**Task requirements**
Quote the listing below in full and exactly as written, but omit every picture.

**Data block**
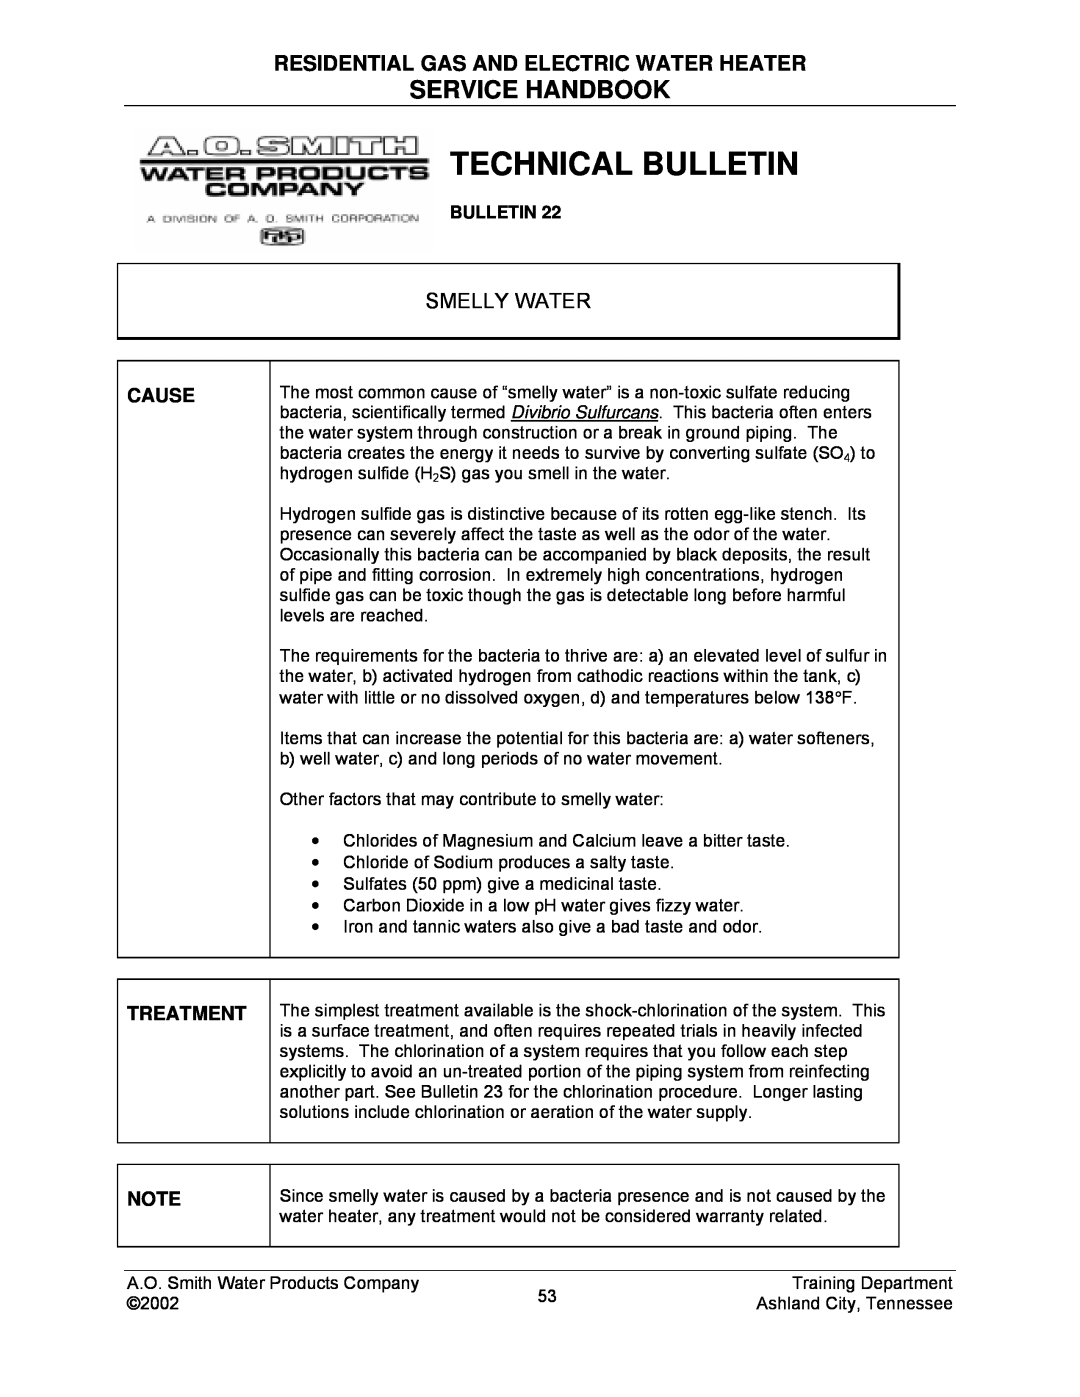 A.O. Smith TC-049-R2 manual Technical Bulletin, Service Handbook, Residential Gas And Electric Water Heater, Smelly Water 
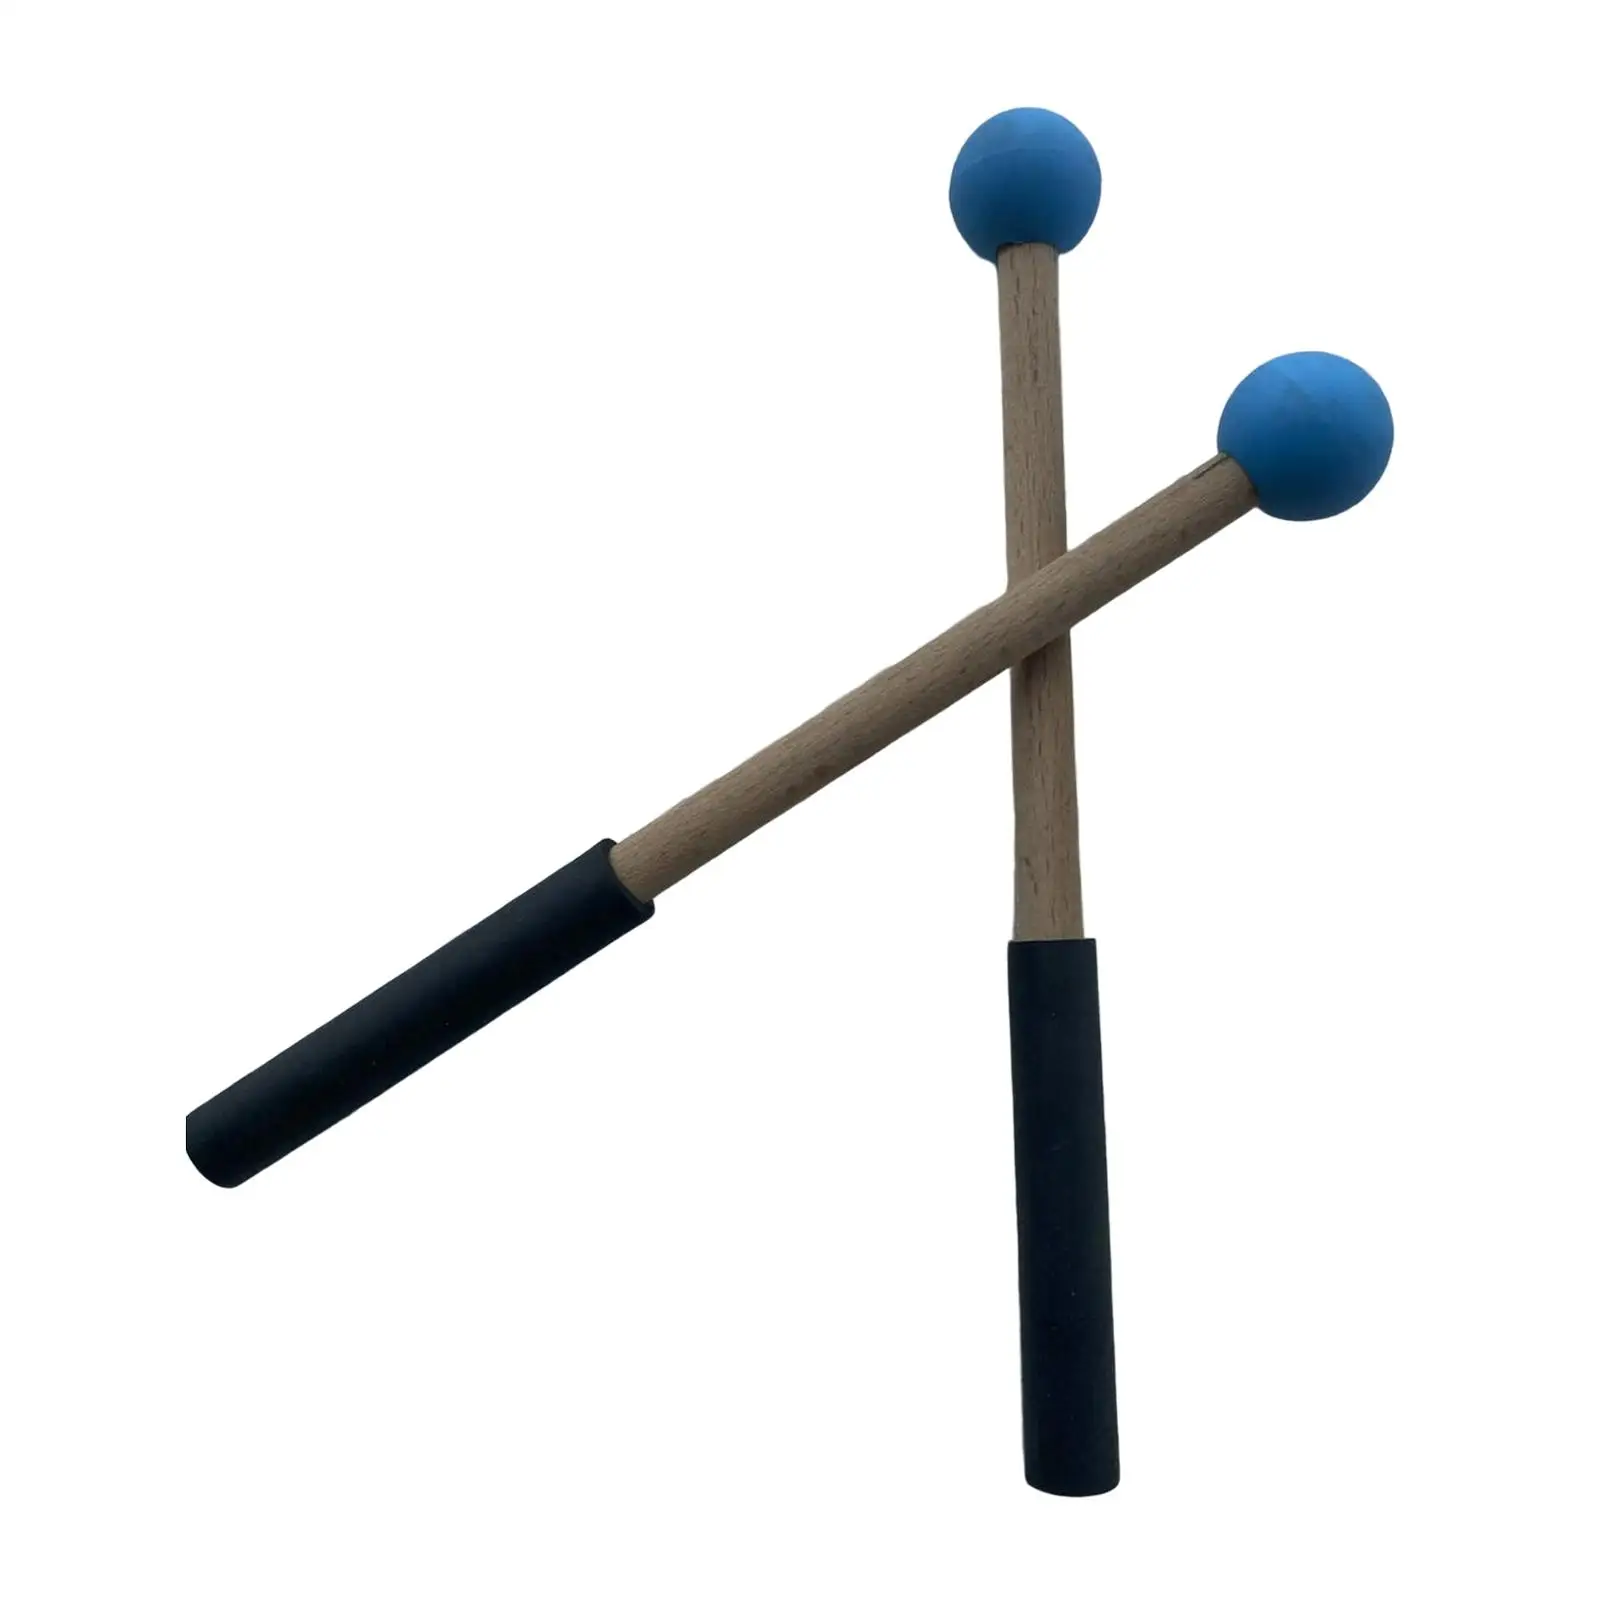 2 Pieces Wooden Silicone Drumsticks Hand Percussion Mallets for Xylophone
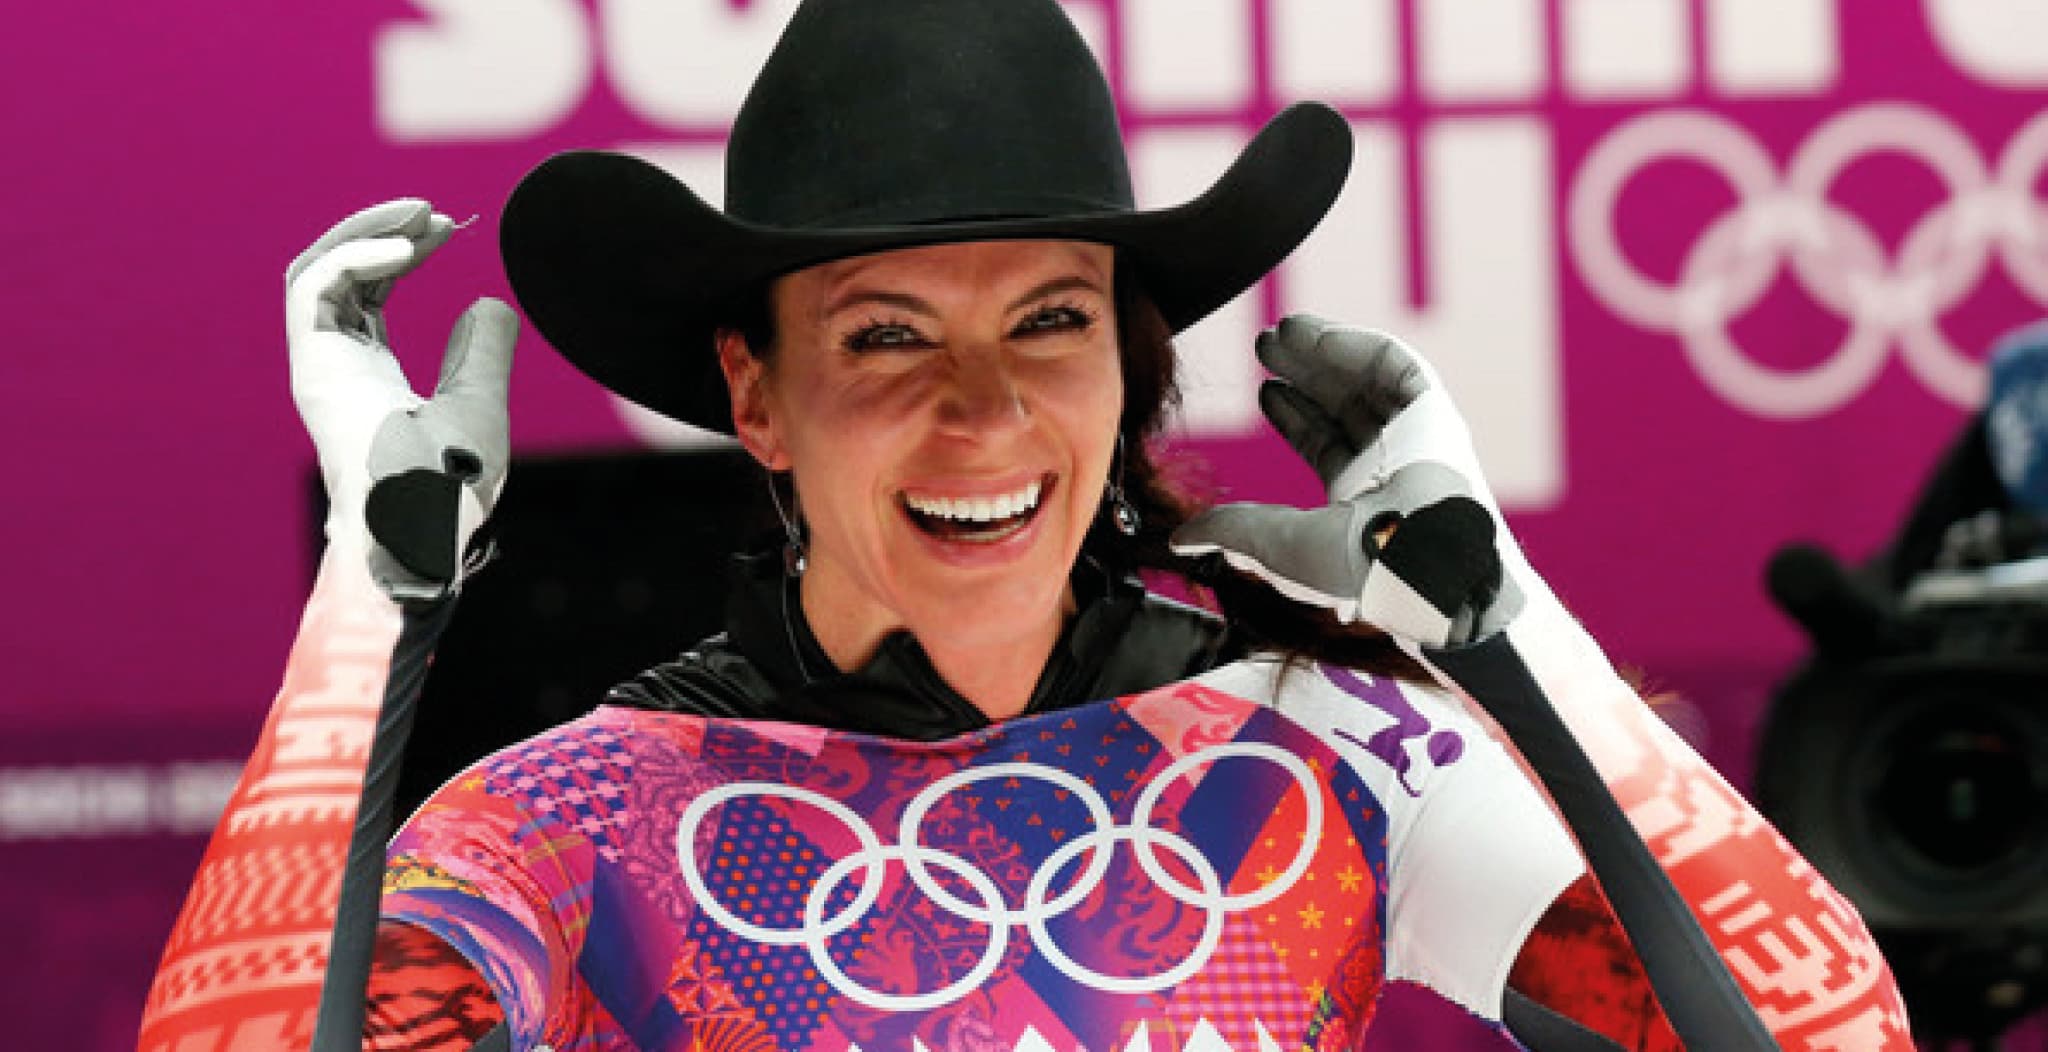 YOU Streamz and EQU Streamz endorsed by Melissa Hollingsworth for Streamz recovery and rehabilitation in both her and her horses. Image of Melissa at Olympics representing Canada in Winter Olympics Sochi

**Output of the task**
 A.O. Smith TC-049-R2 manual Technical Bulletin, Service Handbook, Residential Gas And Electric Water Heater, Smelly Water 
 2 Pieces Wooden Silicone Drumsticks Hand Percussion Mallets for Xylophone
 YOU Streamz and EQU Streamz endorsed by Melissa Hollingsworth for Streamz recovery and rehabilitation in both her and her horses. Image of Melissa at Olympics representing Canada in Winter Olympics Sochi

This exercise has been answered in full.